Saisissant Mosè in Egitto à l’Opéra de Cologne
Pour la première fois dans son histoire, l’Opéra de Cologne montre « l’azione tragico-sacra » Mosè in Egitto de Gioachino Rossini. Musicalement et scéniquement, la production s’avère une grande réussite.
Dieu et toujours Dieu. C’est lui qui est à l’origine de cette histoire biblique tiré du livre de l’Exode. C’est lui qui arrange les choses, c’est lui qui prend les décisions que les hommes ne font qu’exécuter. Dieu le tout puissant, omniprésent, mais invisible. Invisible ? Pas vraiment. Dans cette production de Mosè in Egitto, signé Lotte de Beer et coproduit avec le festival de Bregenz, Dieu ne se cache pas. Il prend les habits des membres du groupe théâtral néerlandais « Hotel Modern » qui, tels des marionnettistes, tirent les ficelles. Au sens figuré d’abord, en se mêlant aux chanteurs pour les faire prendre telle ou telle pose ou leur montrer le chemin à prendre. Au sens propre aussi, car une bonne partie de l’action est représentée par des figurines, dont le jeu, créé et filmé en direct, est projeté sur un grand globe occupant le milieu de la scène.

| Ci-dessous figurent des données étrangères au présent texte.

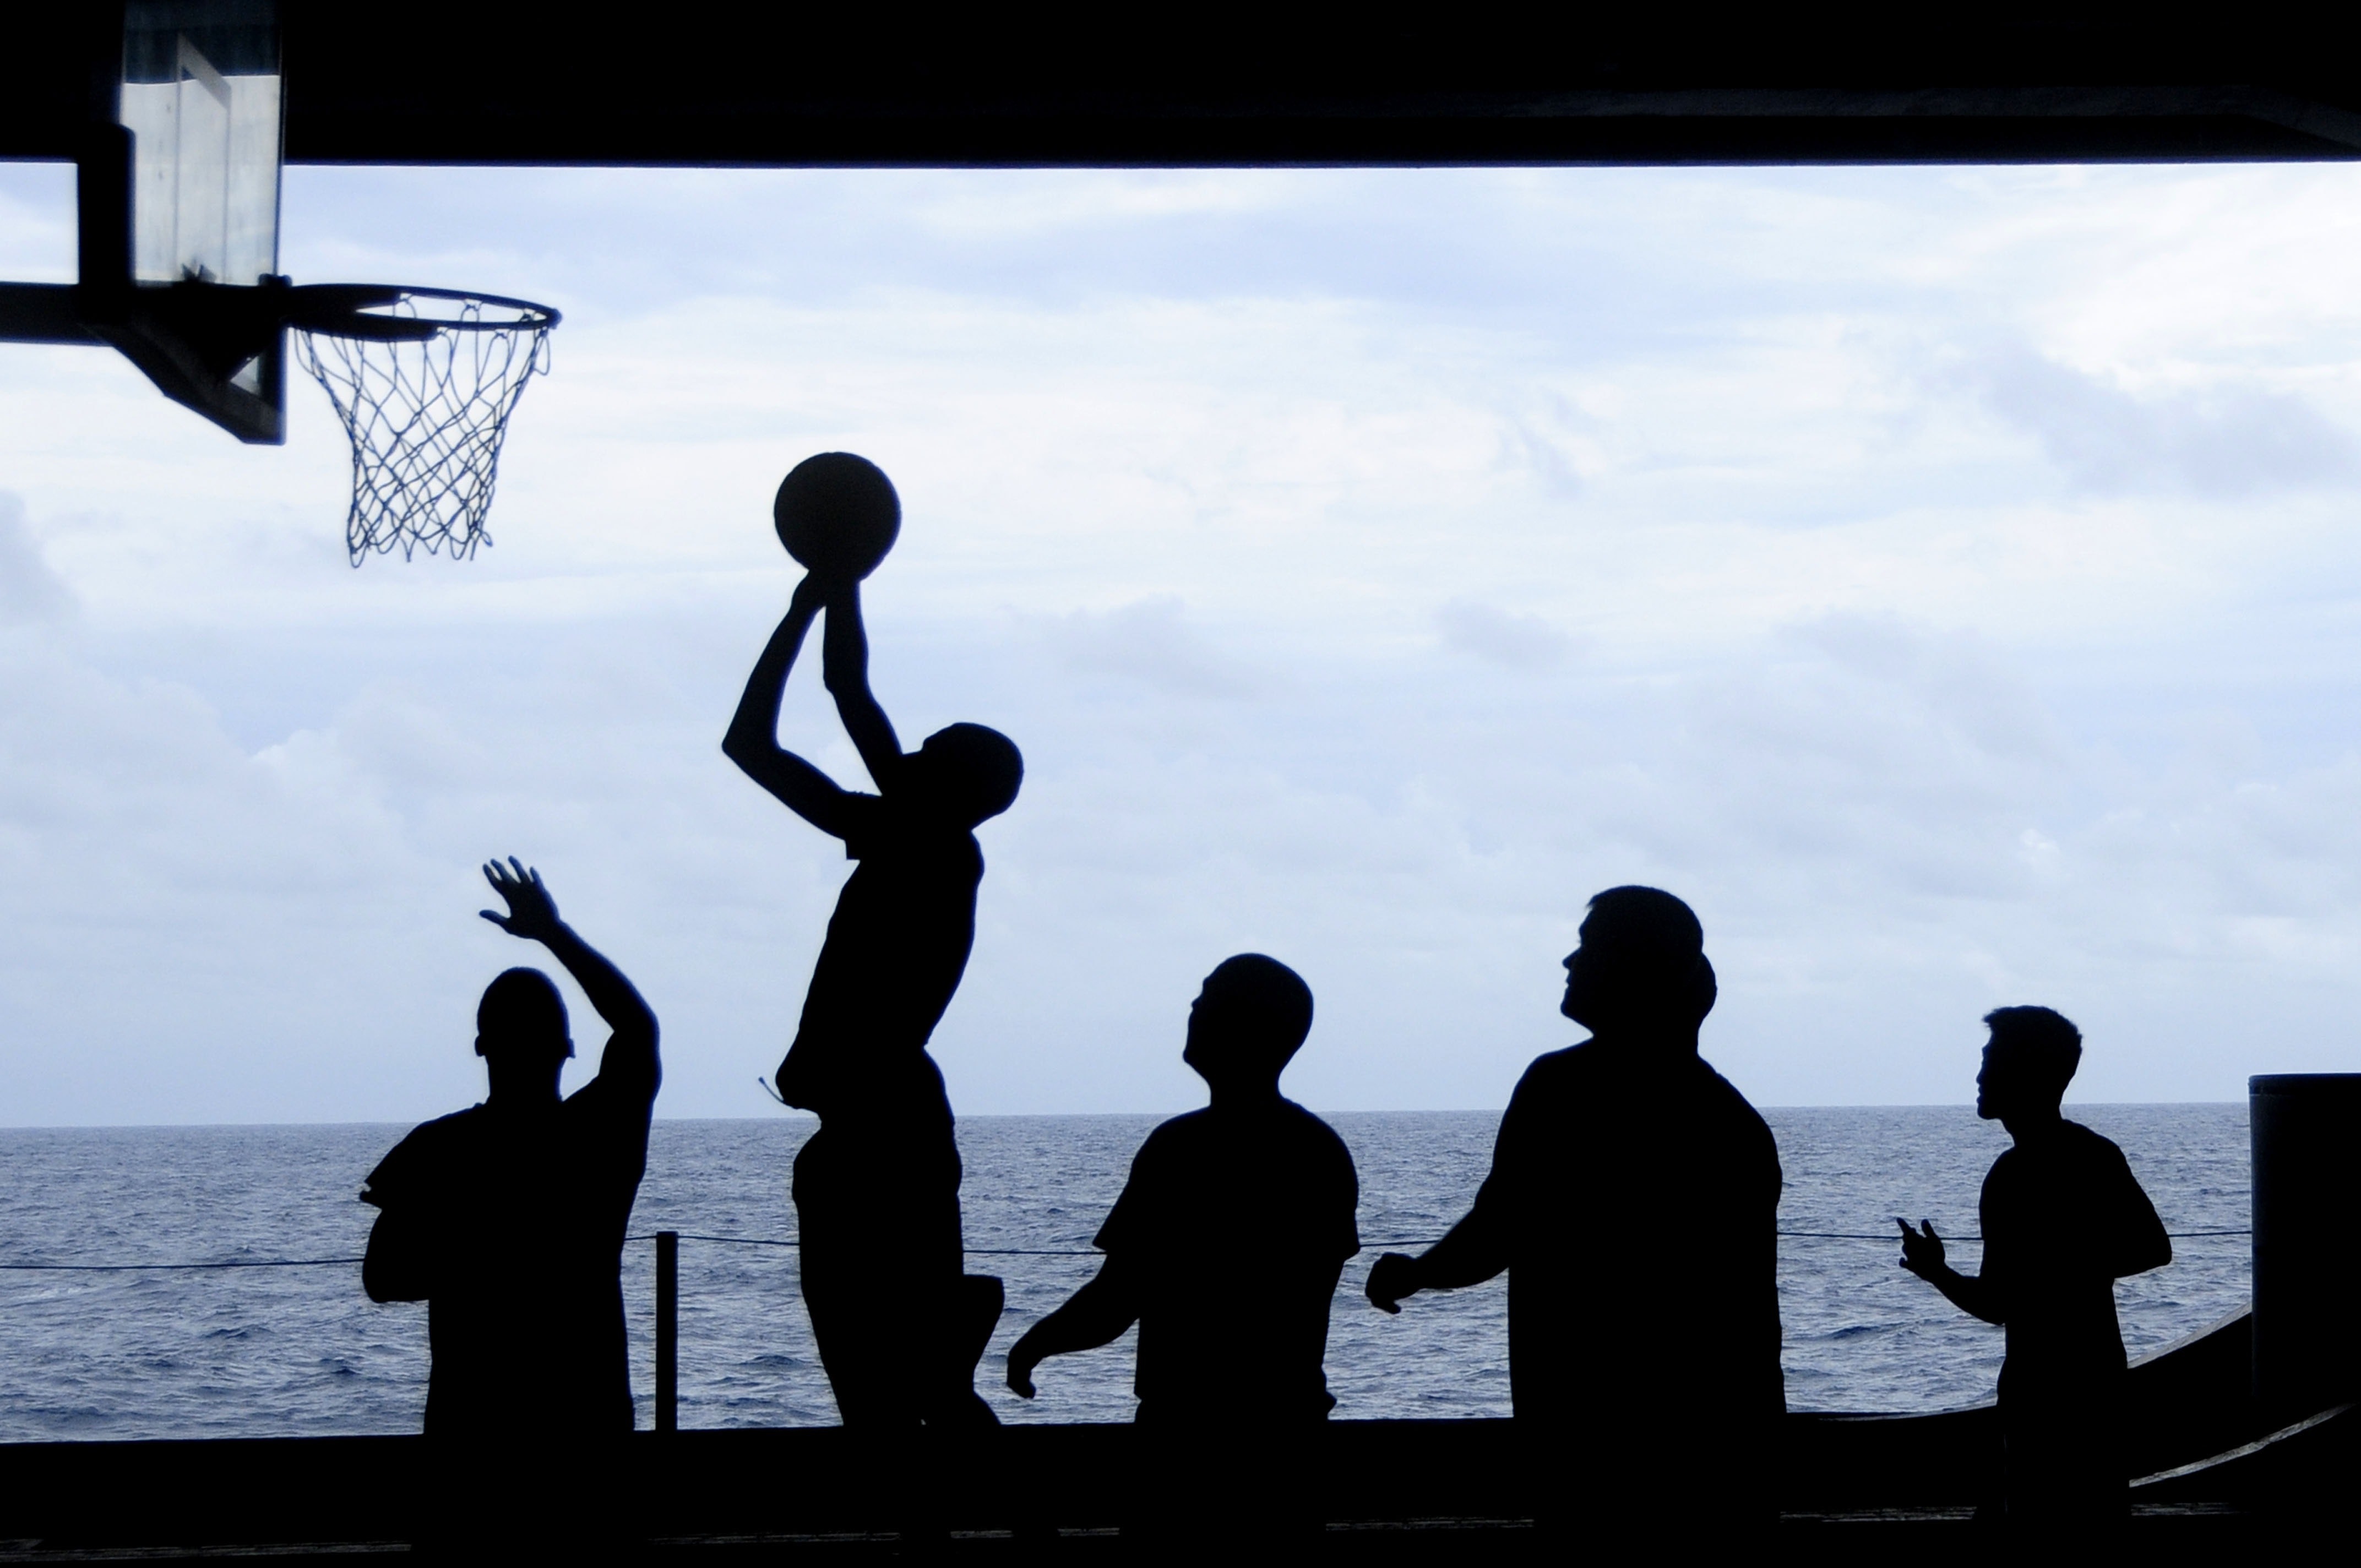 Silhouette of Men Playing Basketball, Basketball, Game, Ocean, Players, HQ Photo

C’est simple et créatif à la fois (le passage de la Mer Rouge !), les images s’avérant souvent d’une touchante poésie. Sans parler du statisme de l’œuvre, problème résolu du même coup.

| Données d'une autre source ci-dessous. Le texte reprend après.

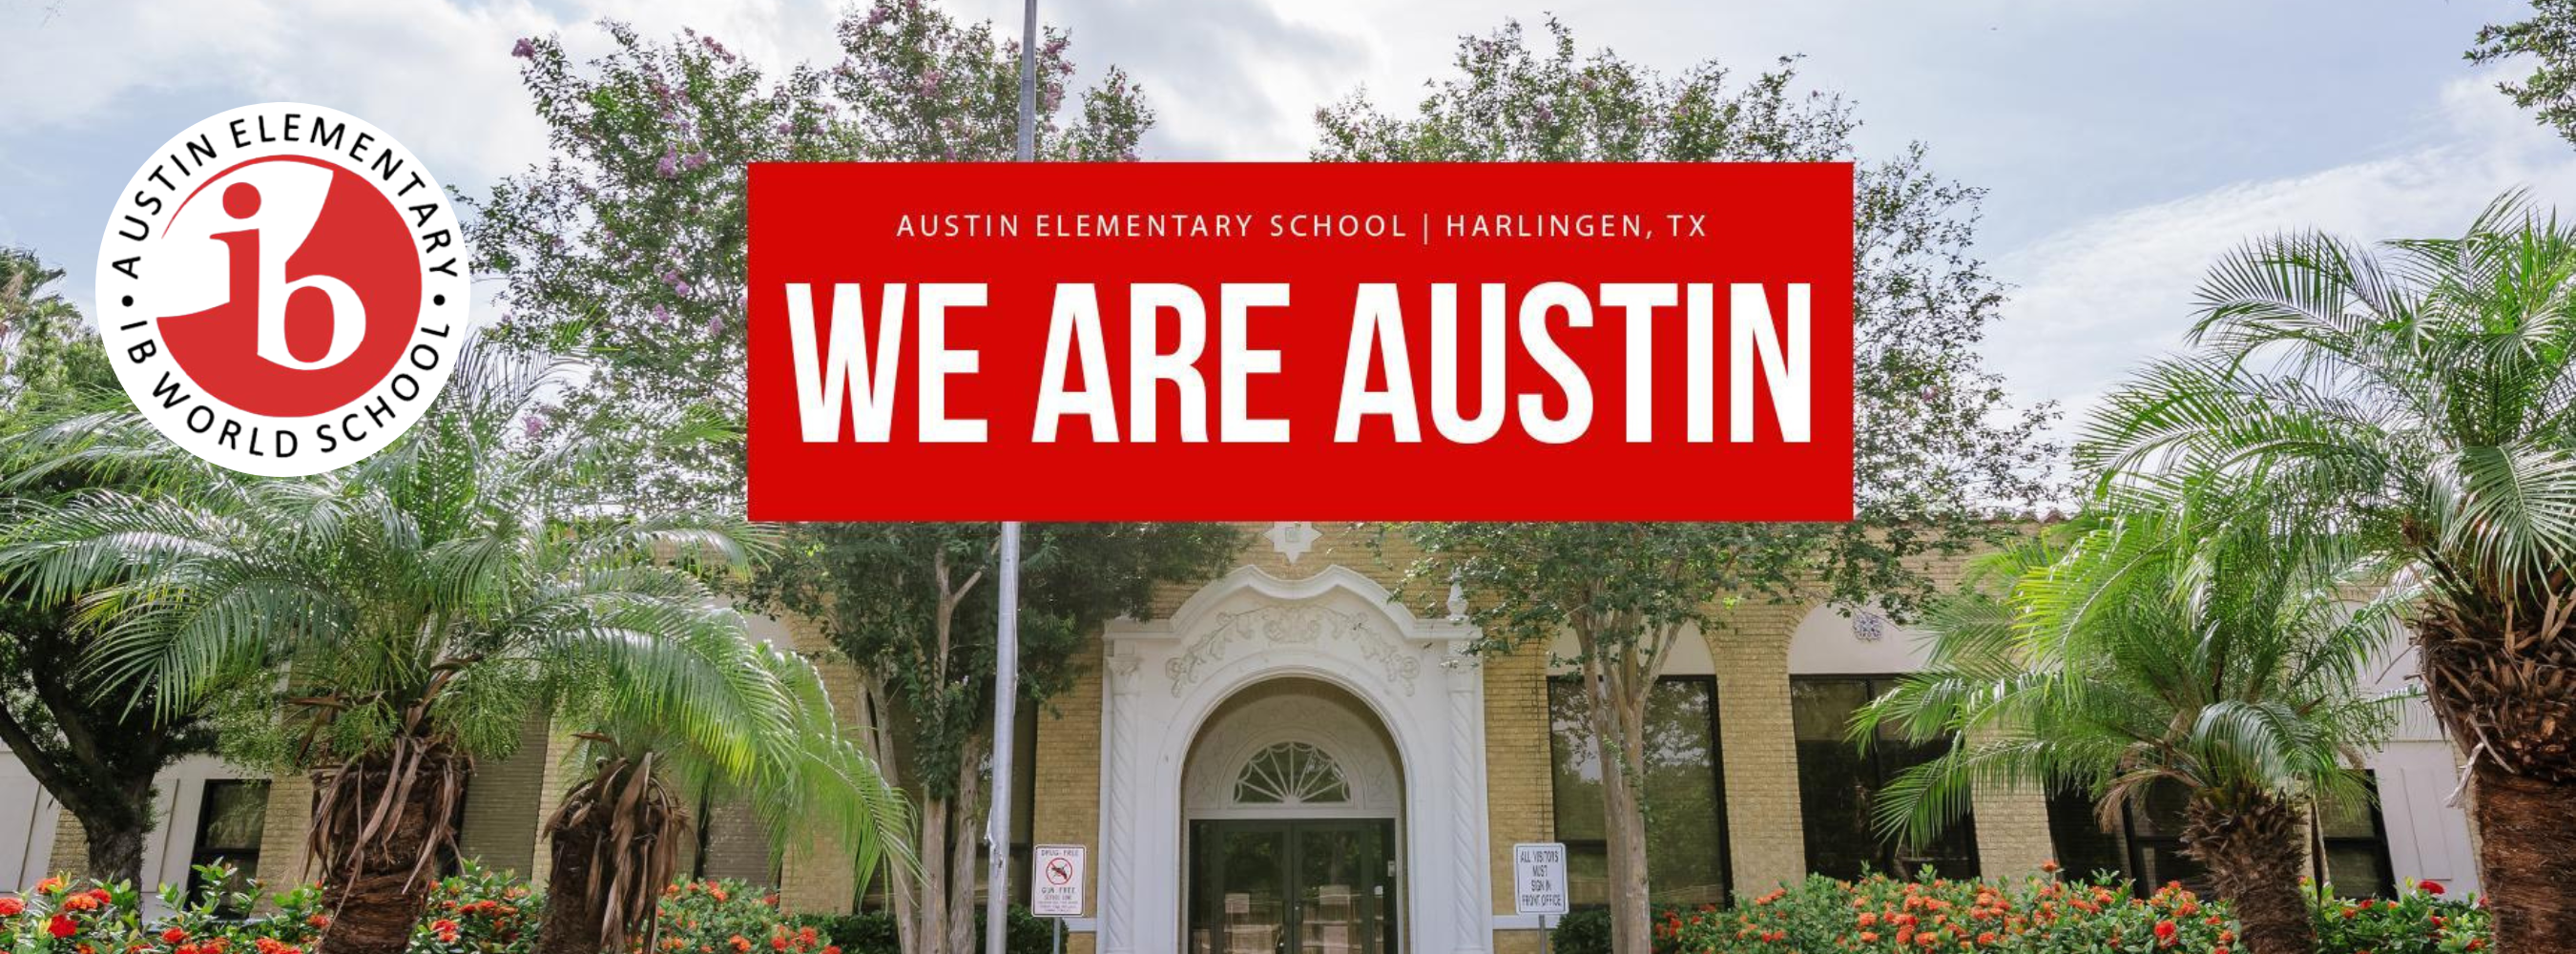 We are Austin Home page

Musicalement aussi, cette production est une grande réussite. C’est d’abord grâce à David Parry, grand spécialiste du répertoire belcantiste, qui ose ici une lecture « historiquement informée » : peu de vibrato pour les cordes et un son assez sec pour les cuivres. Et pourtant, le résultat n’a rien d’académique. L’énergie, au contraire, que Parry insuffle aux musiciens porte une soirée pourtant longue d’environ trois heures. La distribution est dominée par les femmes. Ainsi, en Elcia, Mariangela Sicilia frôle la perfection. Dotée d’un timbre rond, au médium charnu et à l’aigu lumineux, elle déploie une virtuosité sans faille sans jamais sombrer dans la pure démonstration technique. Son grand air, au contraire, où l’Israélite renonce à son impossible amour pour le fils du pharaon, est l’un des moments les plus touchants de la soirée. Dans le rôle d’Amaltea, femme du pharaon, Adriana Bastidas-Gamboa triomphe d’une tessiture particulièrement meurtrière. Vocalises, aigus, notes piquées ou filées – rien ne pose problème à la mezzo colombienne dressant, quasiment en passant, le portrait d’une souveraine profondément humaine.

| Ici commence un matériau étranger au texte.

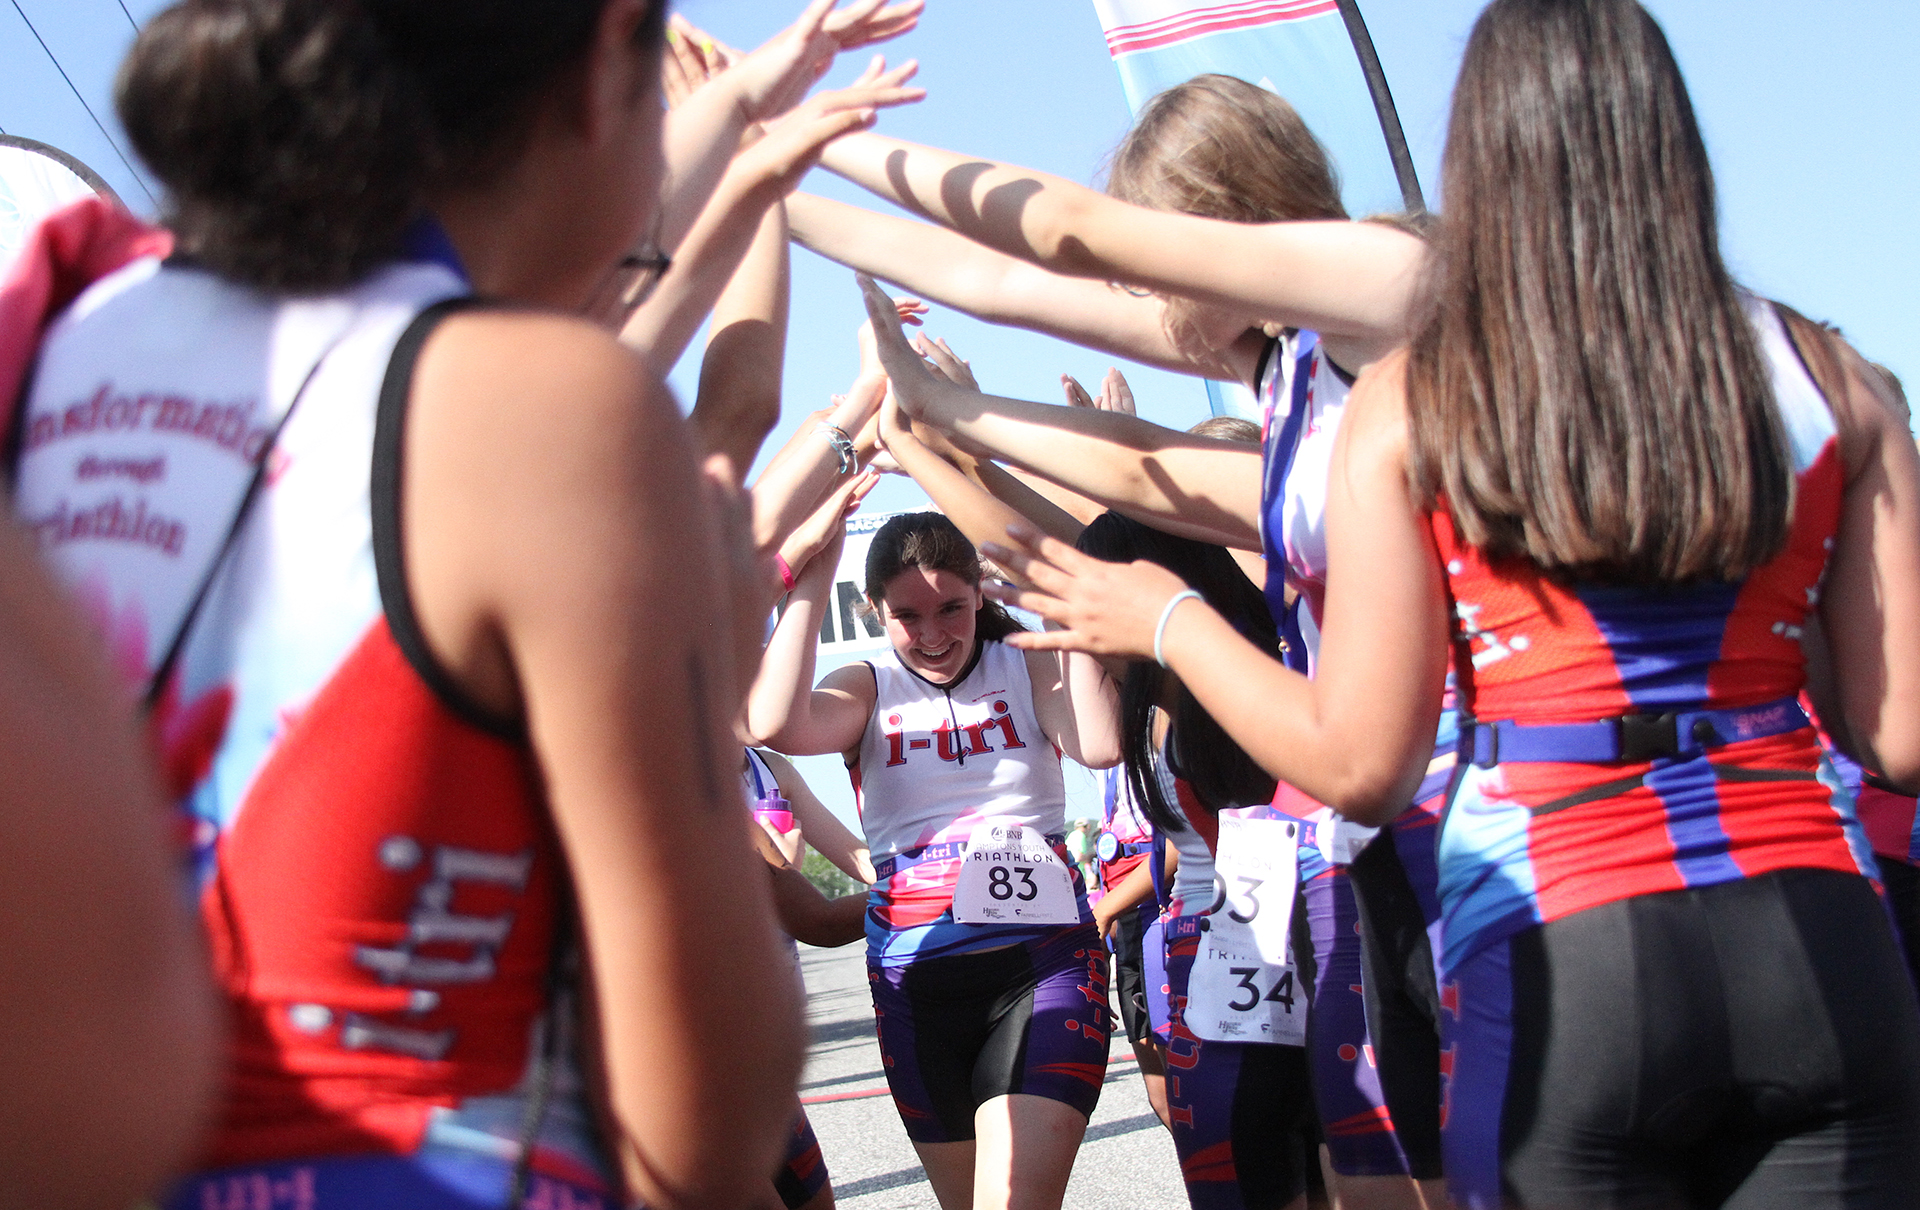 i-Tri Girls competing in the triathlon were met by their peers at the finish line.

Osiride, ledit fils du pharaon, est, lui aussi, entre de bonnes mains. Si Anton Rositskiy ne dispose pas du timbre le plus enchanteur du monde, son savoir-faire technique force l’admiration. Sans difficulté apparente, il traverse un rôle pourtant périlleux, alliant puissance et souplesse, sans parler d’un (sur)aigu impressionnant. Au timbre un rien plus clair, Sunnyboy Dladla campe un Aronne tout aussi convaincant, nous gratifiant de superbes piani dans la fameuse prière du dernier acte. Celle-ci est entonnée, tout en douceur, par Ante Jerkunica, Mosè d’une belle autorité vocale, particulièrement à l’aise dans le registre grave. L’aigu, en revanche, sonne un peu forcé et les vocalises manquent de netteté. Cela vaut aussi pour le Pharaon de Joshua Bloom, voix tonitruante, dont l’émission uniforme et figée ne le prédispose pas au répertoire belcantiste. Mais cette erreur de distribution ne peut nuire au succès d’une soirée copieusement applaudie par un public visiblement content.